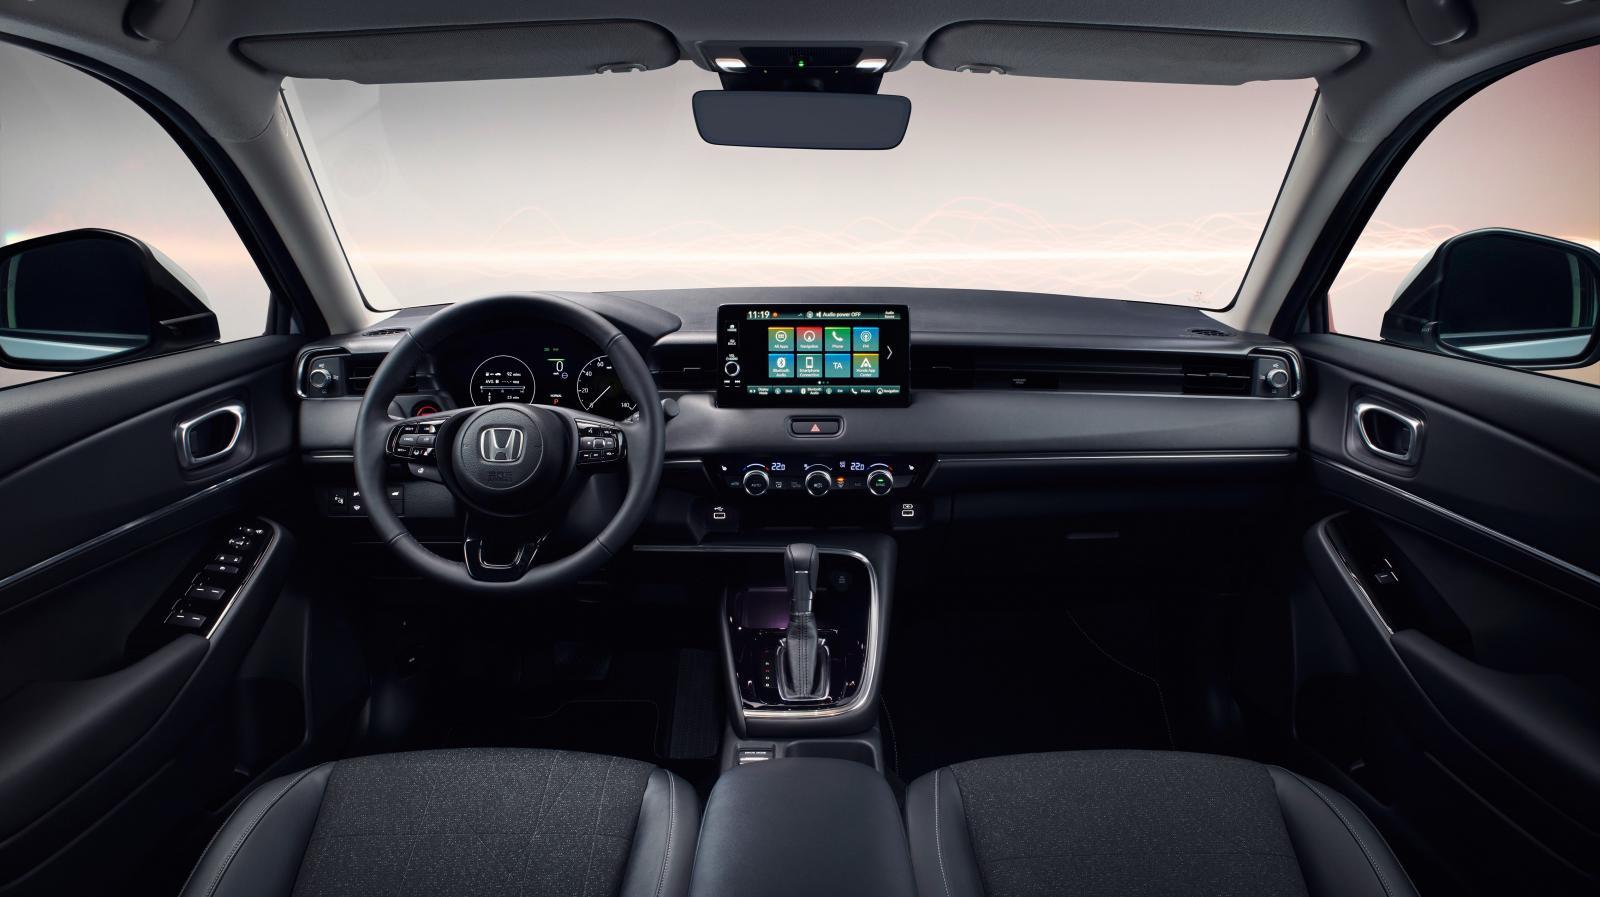 Infotainmentsystemet hämtas från Honda e men skalas ned till en mindre skärm.
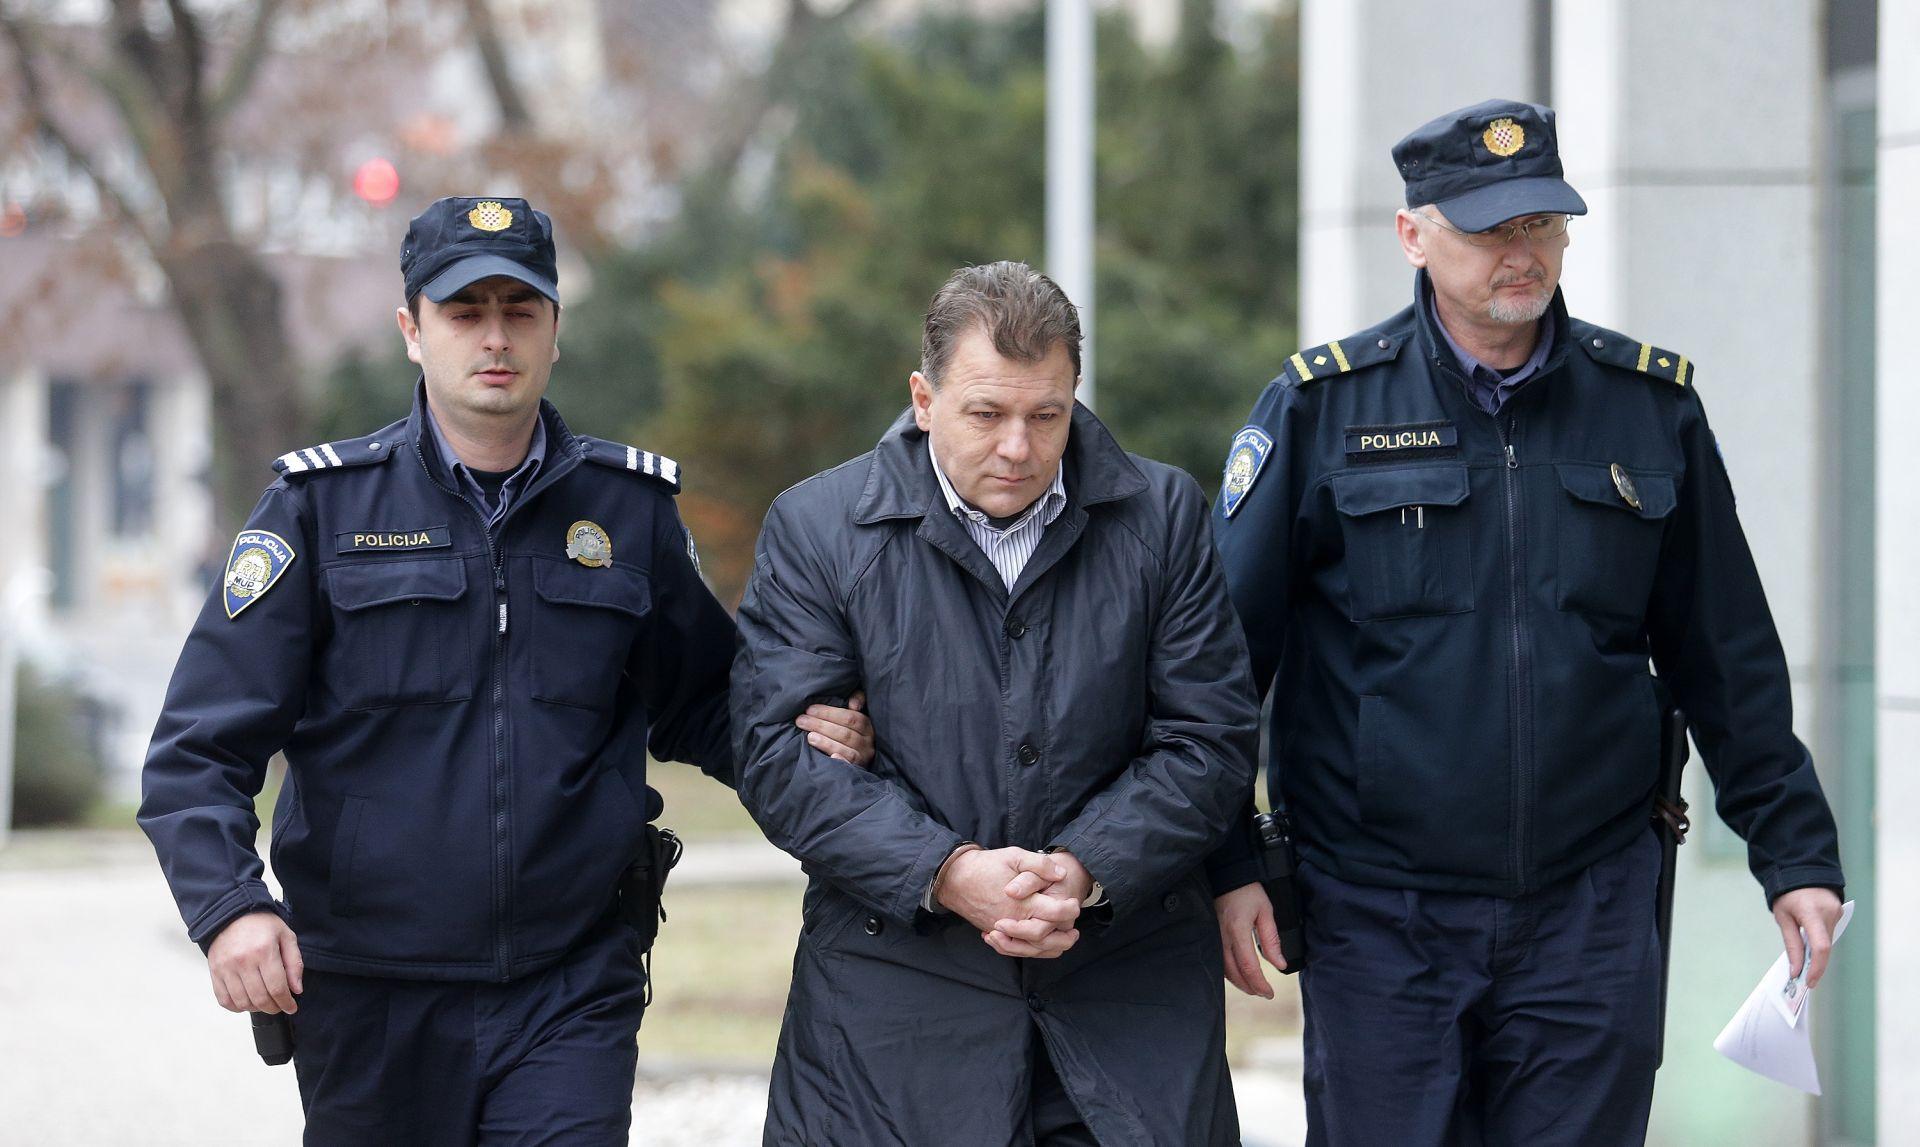 DRŽAVNO ODVJETNIŠTVO Optužnica protiv Željka Žužića za utaju 47,6 milijuna kuna poreza
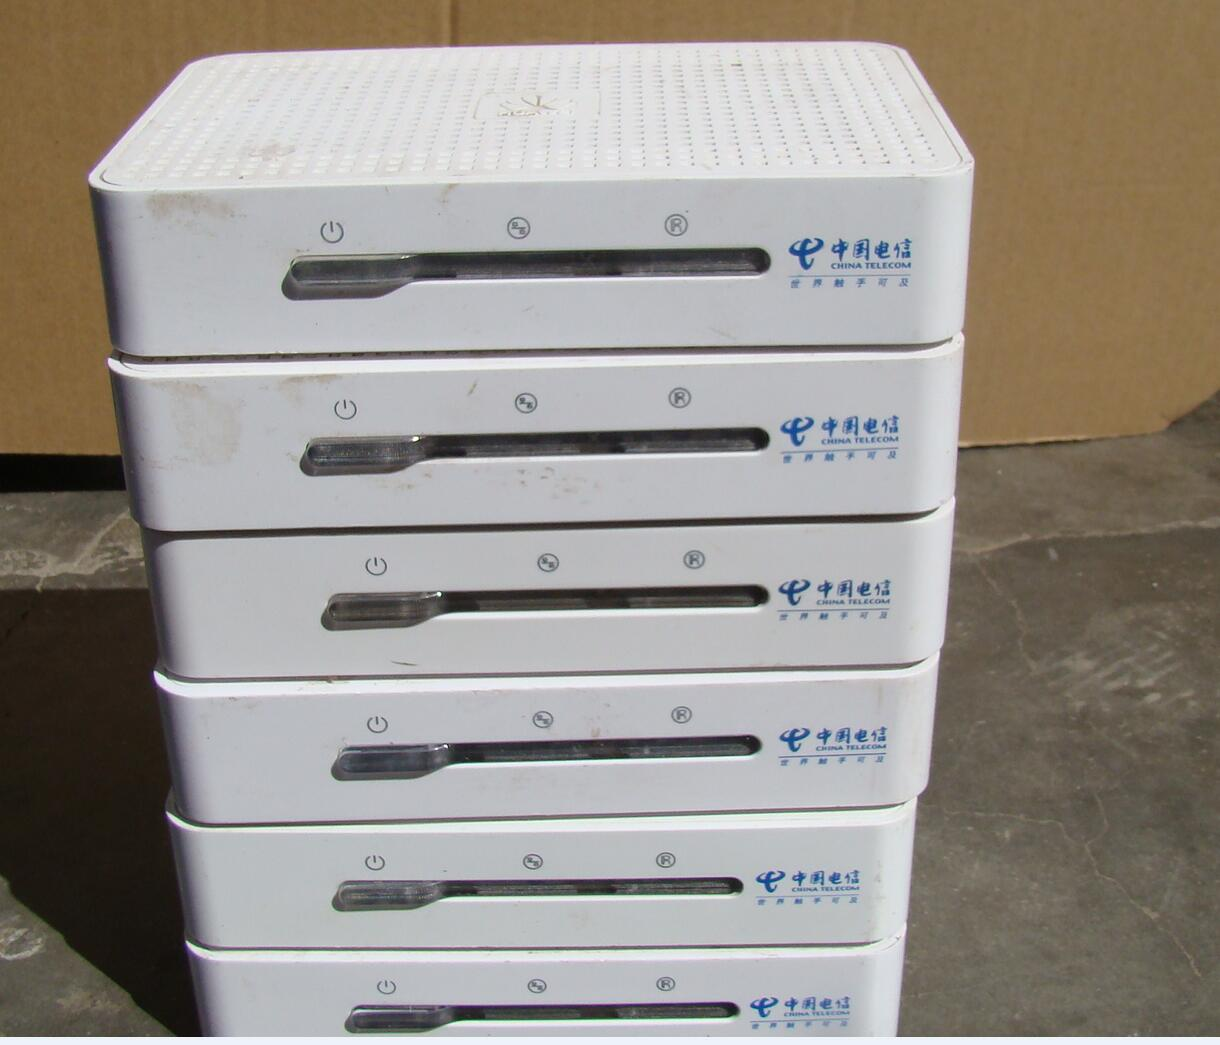 华为ec1308网络机顶盒
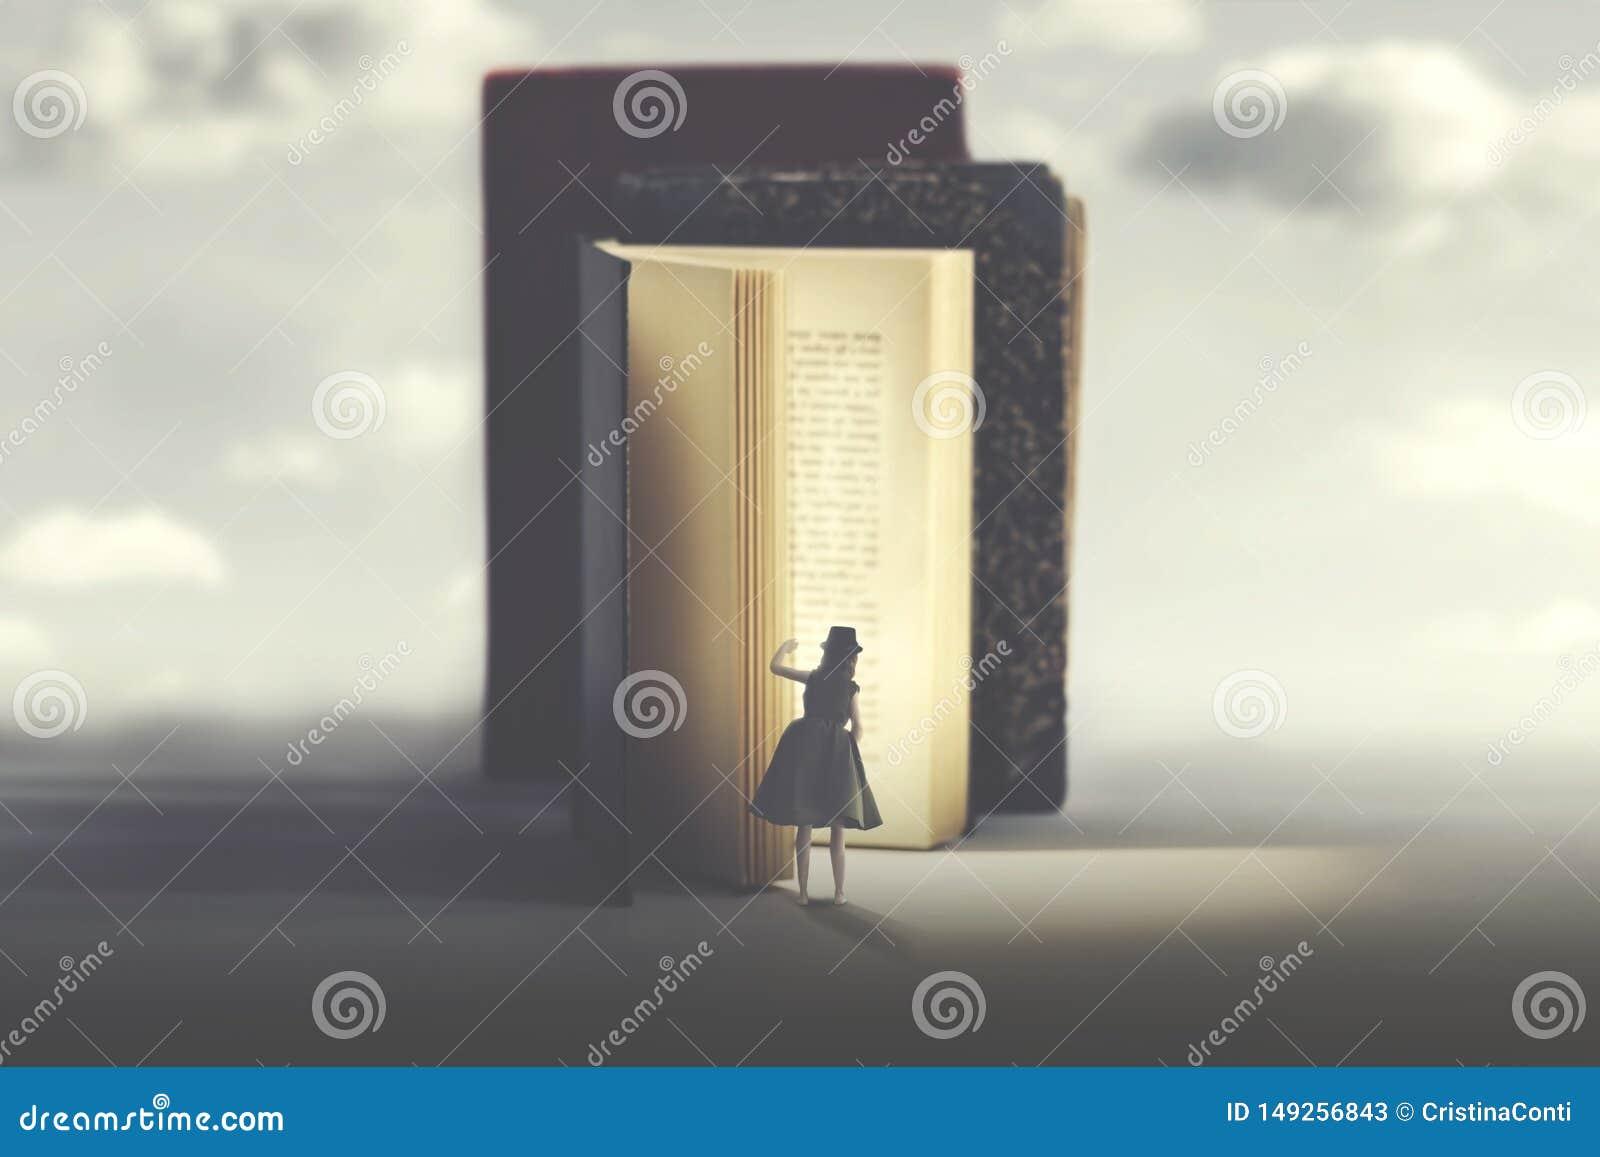 Neugierige Frau untersucht ein mysteriöses belichtetes Buch
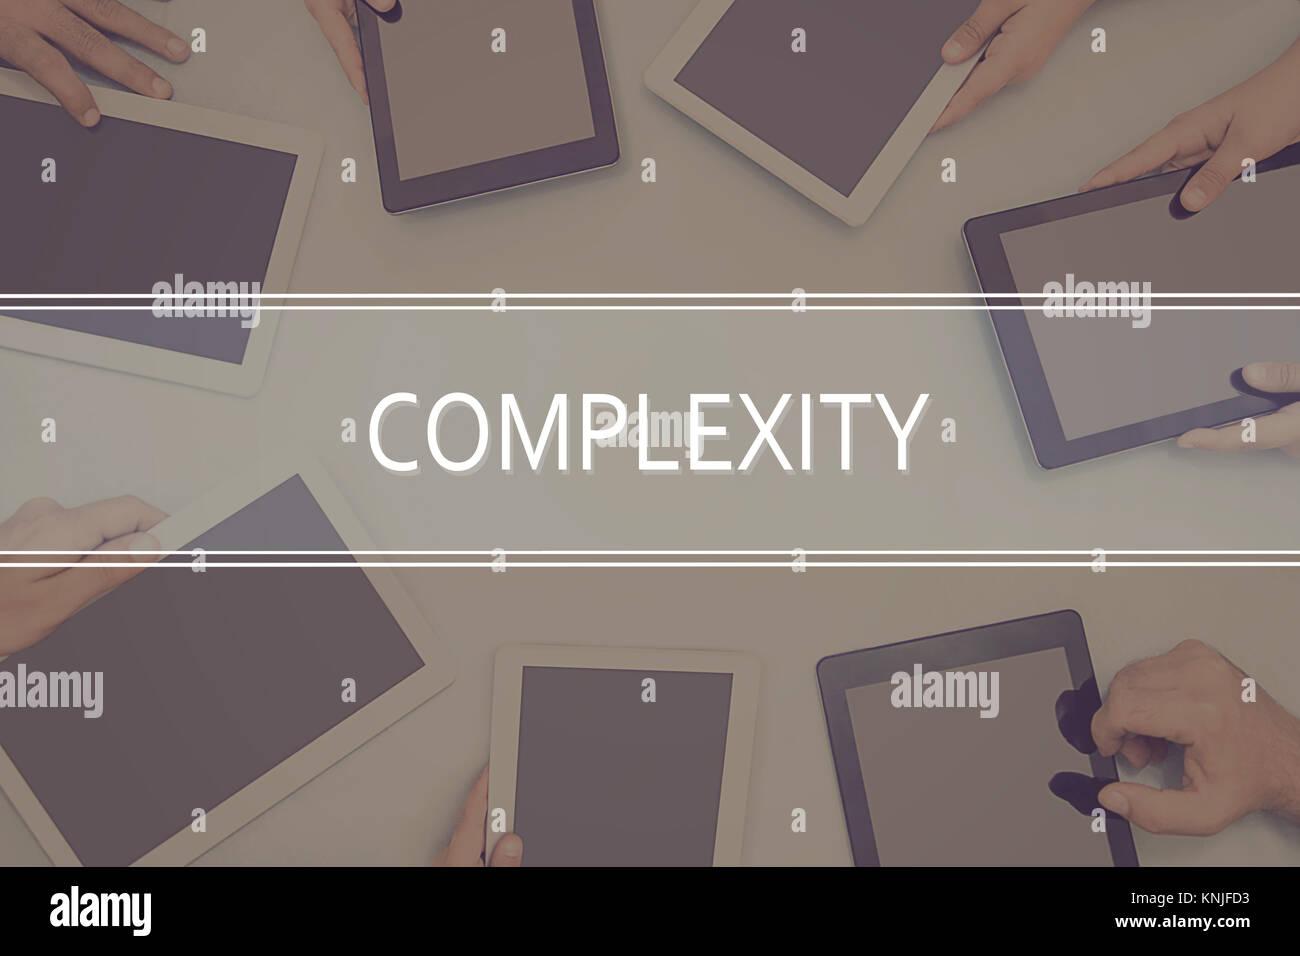 Il concetto di complessità la concezione di business. Immagini Stock

--------------------------------

→ What you need to do:
Copy exactly the lines that run from the one containing "Neugierige Frau untersucht" to the last line of the records, both included, and leave out every picture.

→ Finished task:
 Neugierige Frau untersucht ein mysteriöses belichtetes Buch
 Il concetto di complessità la concezione di business. Immagini Stock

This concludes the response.